Dystopian Emotions PDF Author: Jordan Mckenzie
Publisher: Policy Press
ISBN: 1529214556
Category : Social Science
Languages : en
Pages : 198

Book Description
As nations reel from the effects of poverty, inequality, climate change and the aftermath of the COVID-19 pandemic, it feels as though the world has entered a period characterized by pessimism, cynicism and anxiety. This edited collection challenges individualized understandings of emotion, revealing how they relate to cultural, economic and political realities in difficult times. Combining numerous empirical studies and theoretical developments from around the world, the diverse contributors explore how dystopian visions of the future influence, and are influenced by, the emotions of an anxious and precarious present. This is an original investigation into the changing landscape of emotion in dark and uncertain times.

Handbook of Hinduism in Europe (2 vols)

Handbook of Hinduism in Europe (2 vols) PDF Author:
Publisher: BRILL
ISBN: 9004432280
Category : Religion
Languages : en
Pages : 1677

Book Description
The Handbook of Hinduism in Europe portrays and analyses Hindu traditions in every country in Europe. It presents the main Hindu communities, religious groups, forms and teachings present in the continent and shows that Hinduism have become a major religion in Europe.

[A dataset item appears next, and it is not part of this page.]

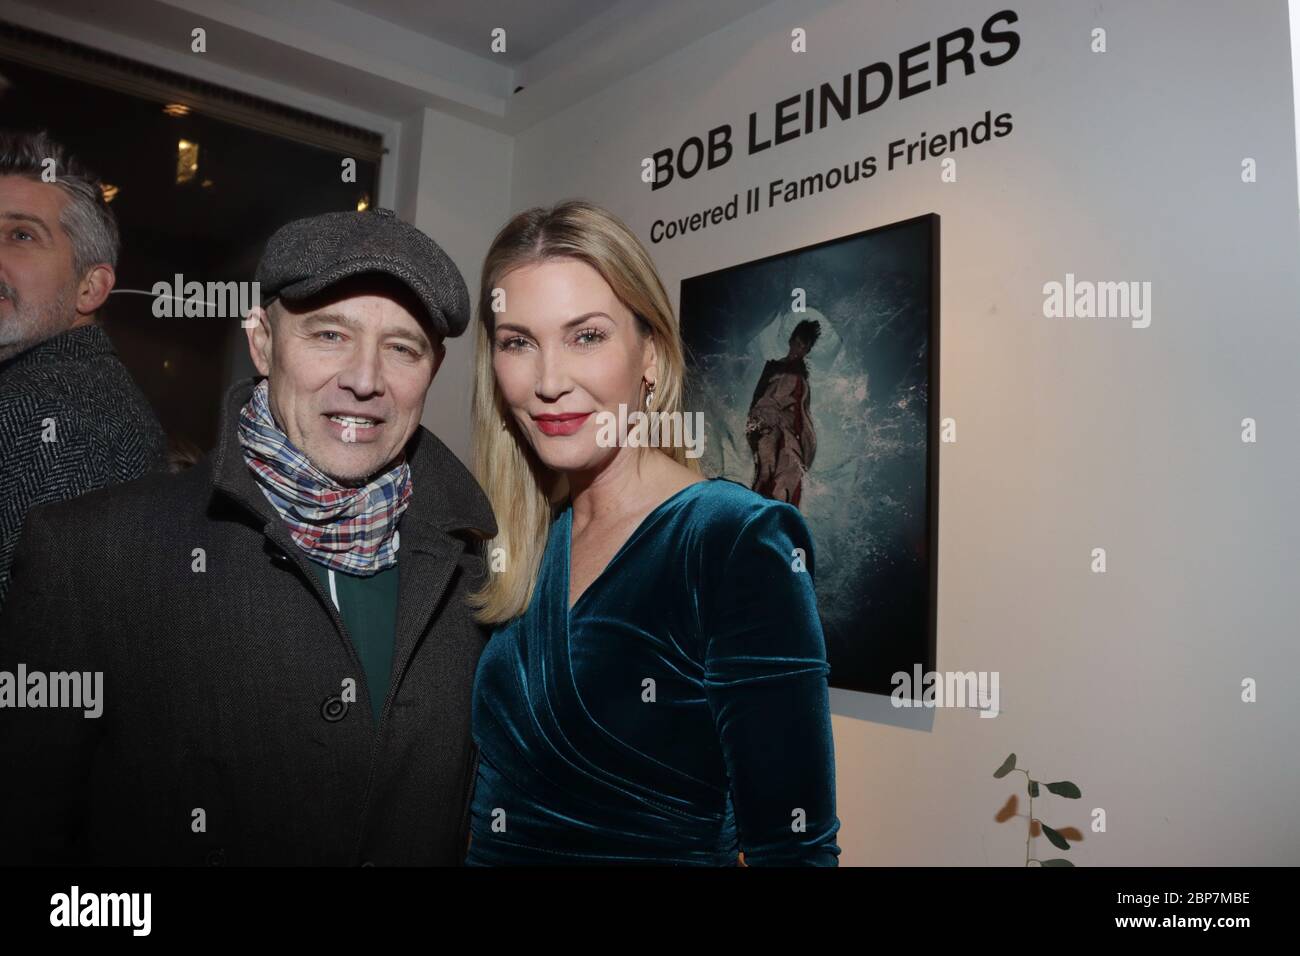 Andreas Brucker,Kirsten Roschlaub,Vernissage Bob Leinders 'COVERED II',Galerie Roschlaub,Hambourg,05.12.2019 Banque D'Images

The Oxford Handbook of Nonsuicidal Self-Injury

The Oxford Handbook of Nonsuicidal Self-Injury PDF Author: Elizabeth Lloyd-Richardson
Publisher: Oxford University Press
ISBN: 0197611273
Category : Education
Languages : en
Pages : 1297

Book Description
The Oxford Handbook of Nonsuicidal Self-Injury is a compendium of up-to-date research and knowledge of topics germane to the field of nonsuicidal self-injury (NSSI). Edited by renowned scholars Elizabeth E. Lloyd-Richardson, Imke Baetens, and Janis L. Whitlock, the handbook brings together cutting-edge research from a group of internationally distinguished scholars. It covers a wide array of topics including epidemiology, function, neurophysiological processes, lived experience, and intervention and prevention approaches. This comprehensive text will serve as a go-to guide for scholars, clinicians, and anyone with interest in understanding, treating, and preventing self-injury.